「読書感想文は遊びの一種だ!」楽しく書くコツと6つの質問を作家の大竹稽さんに聞く
大竹稽さんが作文教室を開いている台東区の「金龍寺」で。
「読書感想文は遊びの一種だ!だから、楽しくなくっちゃ!」という作家で思想家の大竹稽さん(51)。都内のお寺で、子どもたちに作文と読書感想文の書き方のコツを教えています。毎年親子ともに頭を悩ませる夏休みの宿題、読書感想文。楽しく読書感想文に取り組むコツと、うまく書くための6つの質問を教えてもらいました。大竹さん流、読書感想文を遊びにする方法とは?
本を読んだら、わいわいとおしゃべりから始めよう
書くのは最後。本を読んで何を感じたかを話すことが大切です
――読書感想文を遊びにするってどういうことなのでしょうか?毎年、苦しんでやらなければならない夏休みの宿題で、遊びとは真逆のイメージですが……
書き始める前の準備を工夫することで楽しい遊びになります。本を読んだらまず、お母さんやお父さん、友だちと一緒に、「こんな話だったね」「なんで主人公はあんなこと言ったんだと思う?」「私はあの場面でこう思ったな」と、わいわいおしゃべりしてみましょう。子どもにとって楽しい時間のはず。楽しくなったら、それはもう遊びになります。

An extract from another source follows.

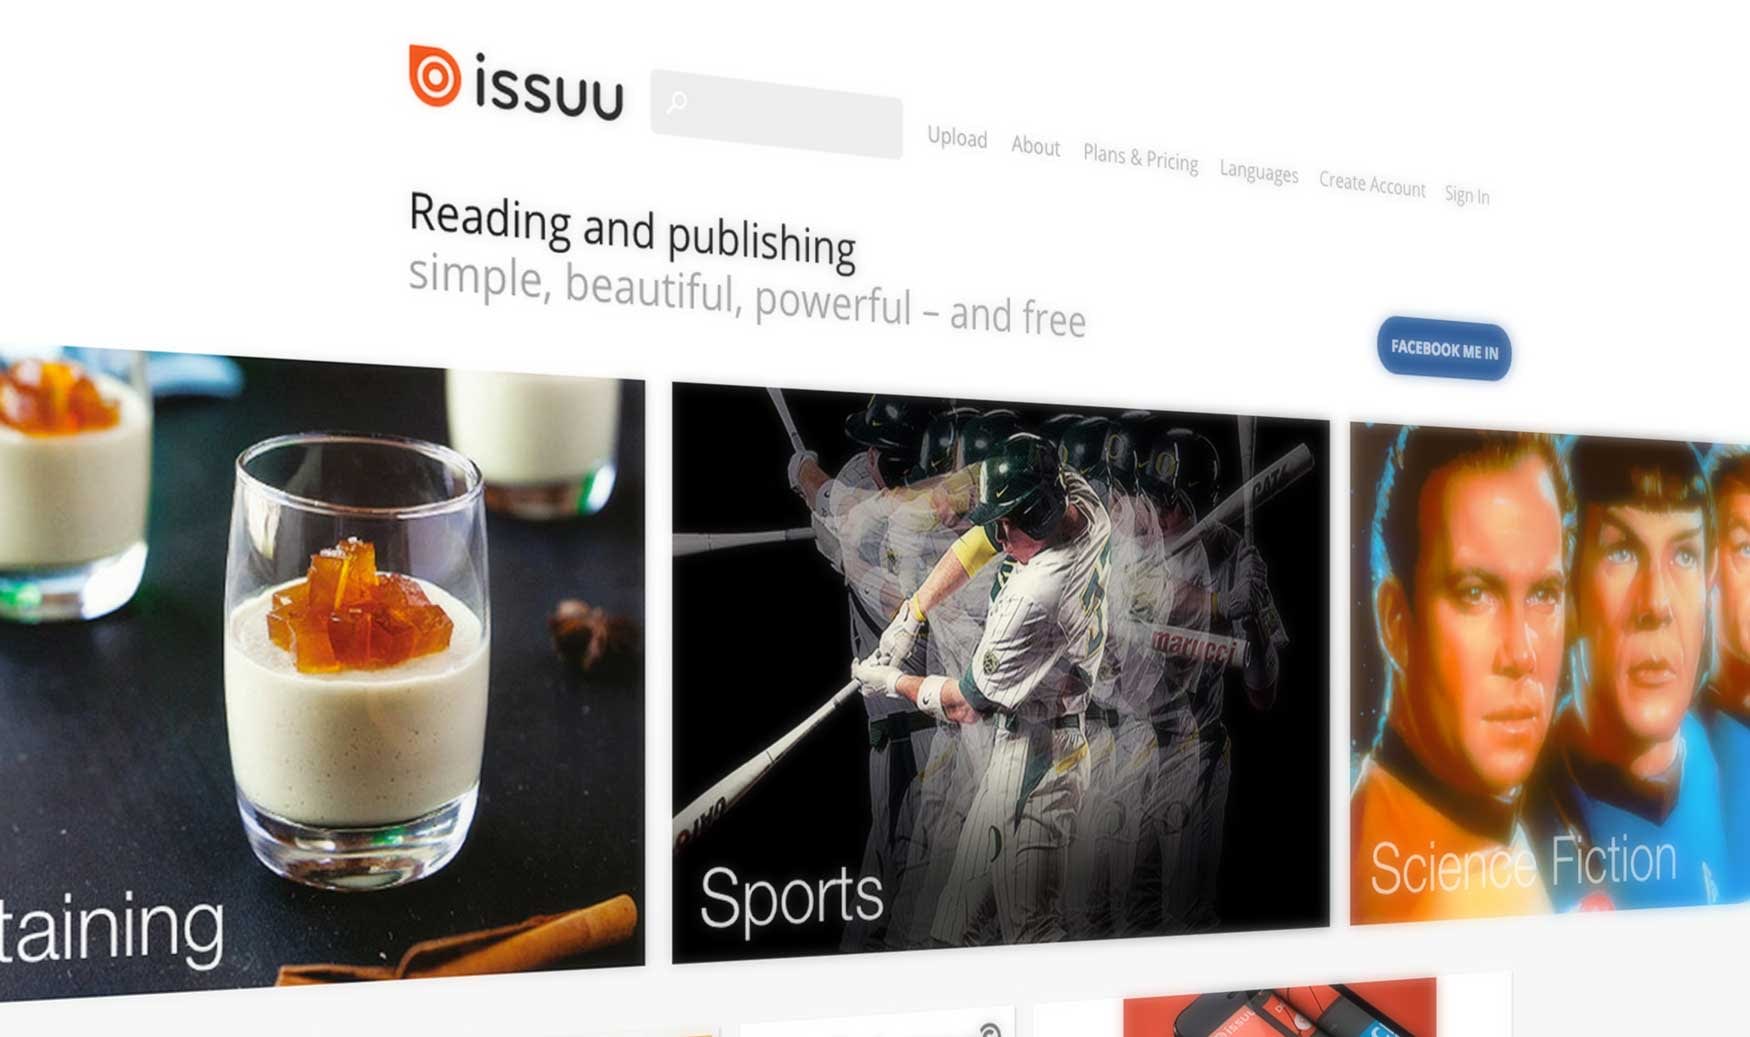 issuu features

――つい、「要は何が言いたいの?」と聞いてしまいそうです(笑)
そうですよね。でも、お母さんは聞き役になってください。「どんな話だったの?」で始めて、子どもの話を聞くだけで構いません。話した内容は、お母さんがメモをとるか、ICレコーダーで録音をしてください。最初から子どもに書かせると苦痛になるので、楽しくなくなってしまいます。
――子どもは話すだけでいいんですか?
はい。話しながら子どもは,本の内容や自分が思ったことを整理していきます。お子さんが面白いことを言うのを、親も楽しんでほしいですね。子どもの意見を修正しない。「要はこんな話だったんじゃないの?」は、なしでいきましょう(笑)。
――余裕のあるお母さんじゃないとできないのでは?
構えなくてもいいんです。子どもの好きなおやつやケーキを用意して、自然に本についてのおしゃべりを楽しんでください。その時間をもつことが大切です。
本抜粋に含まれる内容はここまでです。